Bearing in mind this separation, the natural consequence of that policy choice was to provide end users with the possibility to access those services separately. Therefore, for instance, Meta has provided the possibility to access Messenger (which was formerly the social network’s chat functionality) without having to register on Facebook. In parallel, Facebook has incorporated an additional chat functionality which holds separate from Messenger. By doing that, in Meta’s view, data combination is not operated across those CPSs, insofar as consumers can withhold their consent for that particular purpose. The immediate consequence of that choice is that, in reality, consumers will start a new experience afresh exclusively on Messenger. The same choice and consumer flow have been incorporated into Facebook Marketplace. Functionality solely embedded on Facebook will, thus, not be catered to Messenger and Marketplace end users, such as Facebook’s stories or the ability for sellers to message buyers directly on Facebook’s functionality (and they will have to do so via a dedicated emailing functionality that the gatekeeper will roll out).
A completely different solution may apply, however, to Facebook’s Gaming and Dating services. Although the EC initially categorised them inside of Facebook’s CPS, Meta interprets that it designated them as ‘other services’ and as such it should provide a solution akin to that established for Messenger and Marketplace. That is to say, for example, that Meta is forced by the DMA to separate the gaming experience functionality on Facebook Gaming from the social network. Despite that the gaming feature is mainly centred on social gaming experience (that is, gaming based on the interaction with Facebook friends), Meta interprets that Gaming should, instead, be disgorged to a point where non-social gaming experiences can be also sourced via these means. Meta did, however, not go into the technical details that would support the choice nor on the fact of whether the implementation would be feasible, insofar as games for Facebook Gaming are exclusively developed by third parties and not directly by Meta.
Data portability: what is the point, if not to foster contestability?
Meta’s technical implementation of the provisions relating to its obligation to cater for more transparency relating to its intervention within the ad tech stack (under Articles 5(9), 5(10) and 6(8) of the DMA) was quite straightforward and built upon the gatekeeper’s already existing reports on the same matters. In that particular regard, Meta clearly differentiated its owned and operated (O&O) activities from those processing activities that it performs across its Audience Network (that is, via the selling of ads via third-party websites with which they are associated via this network). On the side of O&O, Meta held that advertisers can already see what they are charged when displaying their ads directly on the gatekeeper’s services, such as Facebook or Instagram. According to the undertaking, these activities are the bulk of Meta’s activities relating to advertising.
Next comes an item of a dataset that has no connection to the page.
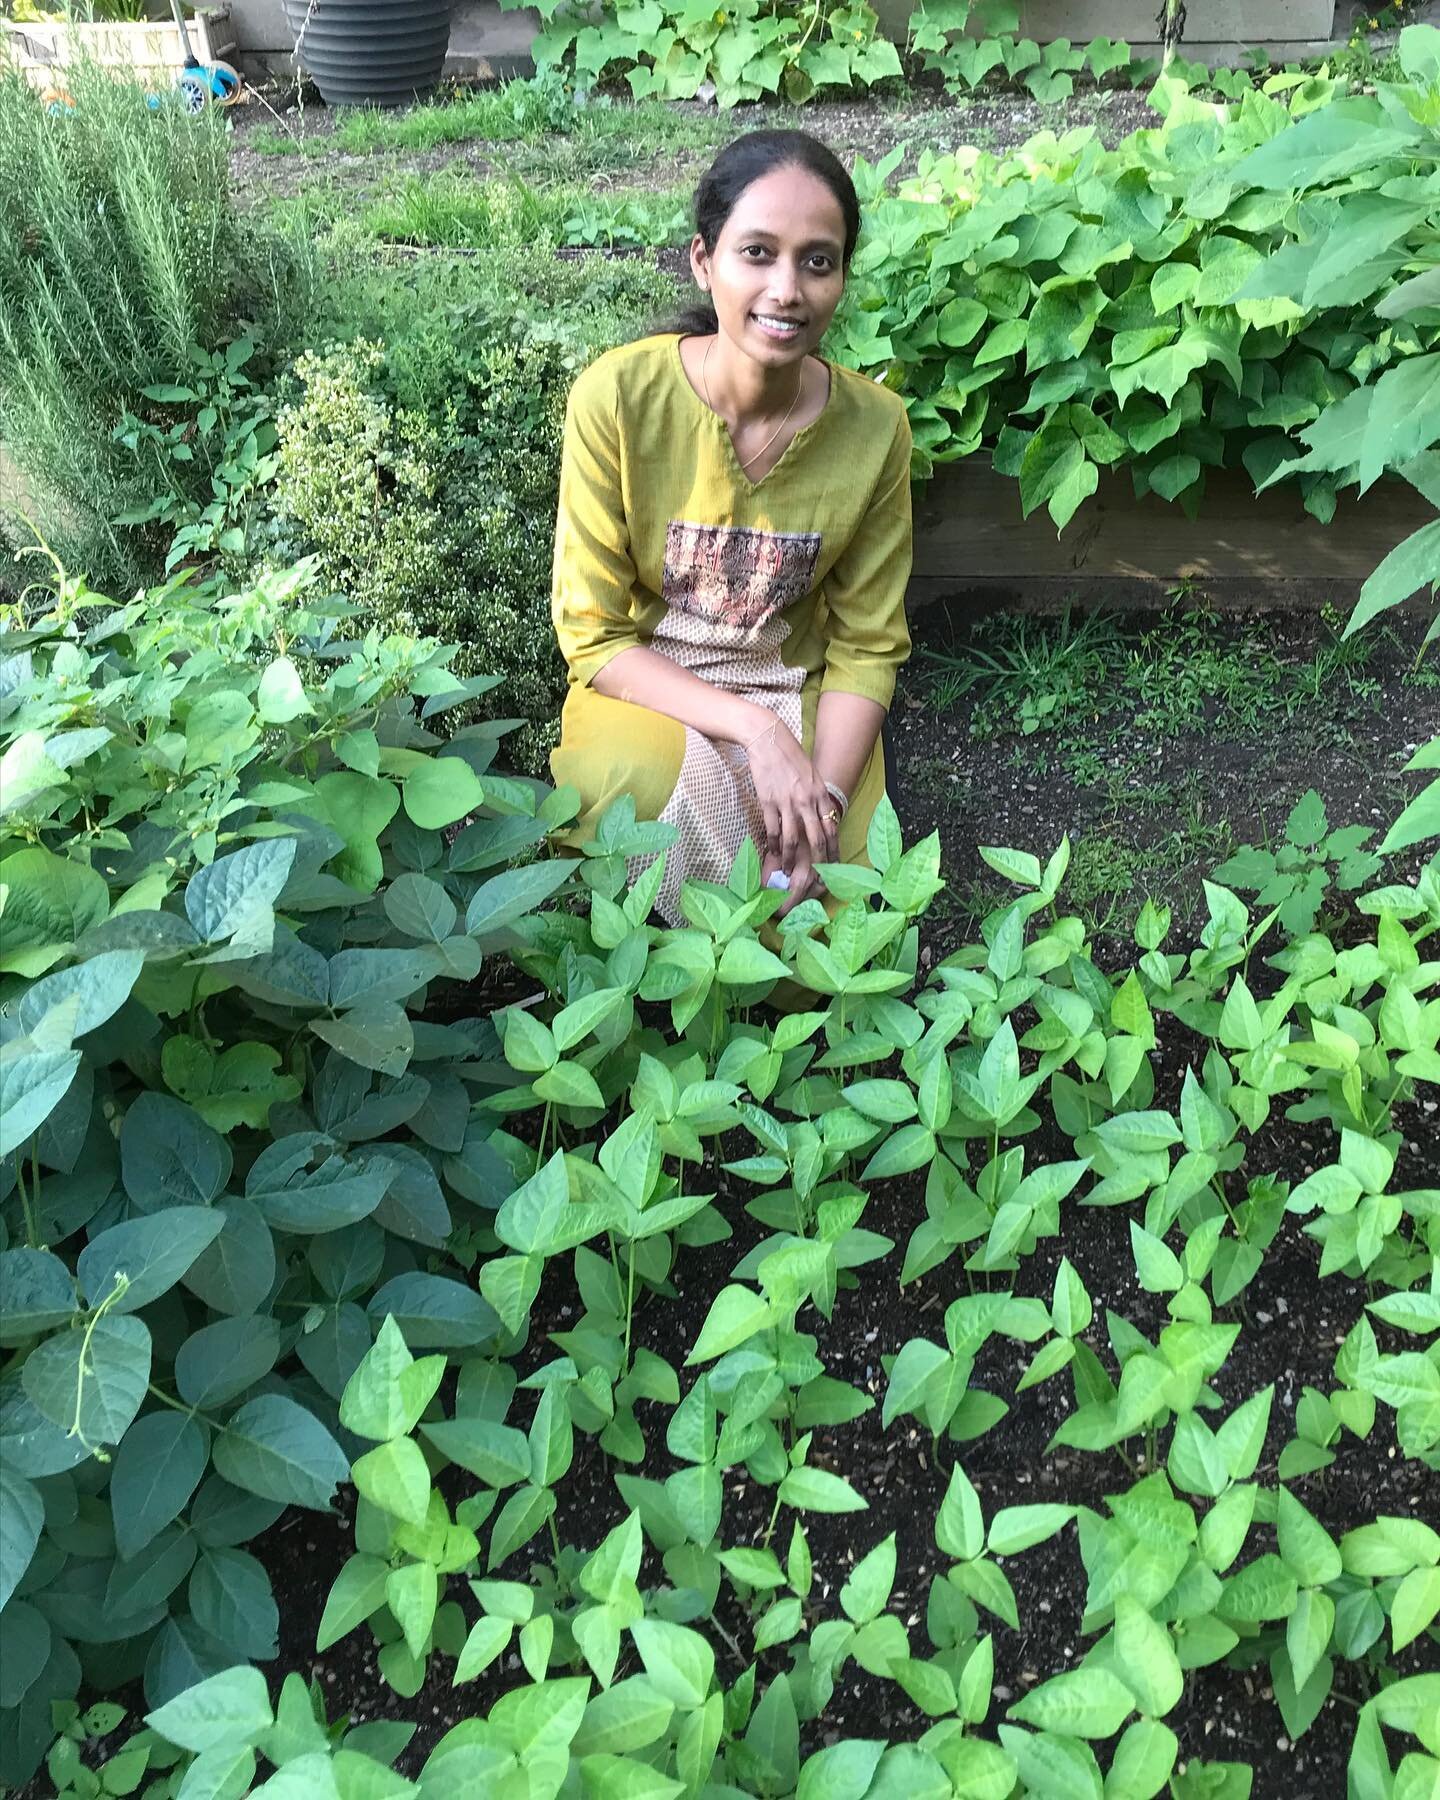 Anjani Sneha Varjala, a food studies graduate student at NYU, chose a mung bean variety for her seed story. She says: &ldquo;the @nyurbanfarmlab is the most amazing space I found. My joy of working with soil and bean projects was a bonus for it helpe

On the side of Meta’s Audience Network and how they interact with advertisers and publishers on that side of the market, the gatekeeper set forward that it had introduced a DMA-specific report that works in two distinct directions. First, Meta will start displaying for advertisers on Ads Manager an additional report detailing what Meta pays to Audience Network publishers when their ads are displayed there. Second, Meta will also publish and update a report of the same kind on Monetisation Manager, notably remarking on the price information that the advertiser invested in so that its ad would be displayed on the third-party website. In response to several questions asked by the participants of the workshop, Meta went into more detail on the level of granularity of the data that is available to both advertisers and publishers, which could be further broken down by geography, placement, and date.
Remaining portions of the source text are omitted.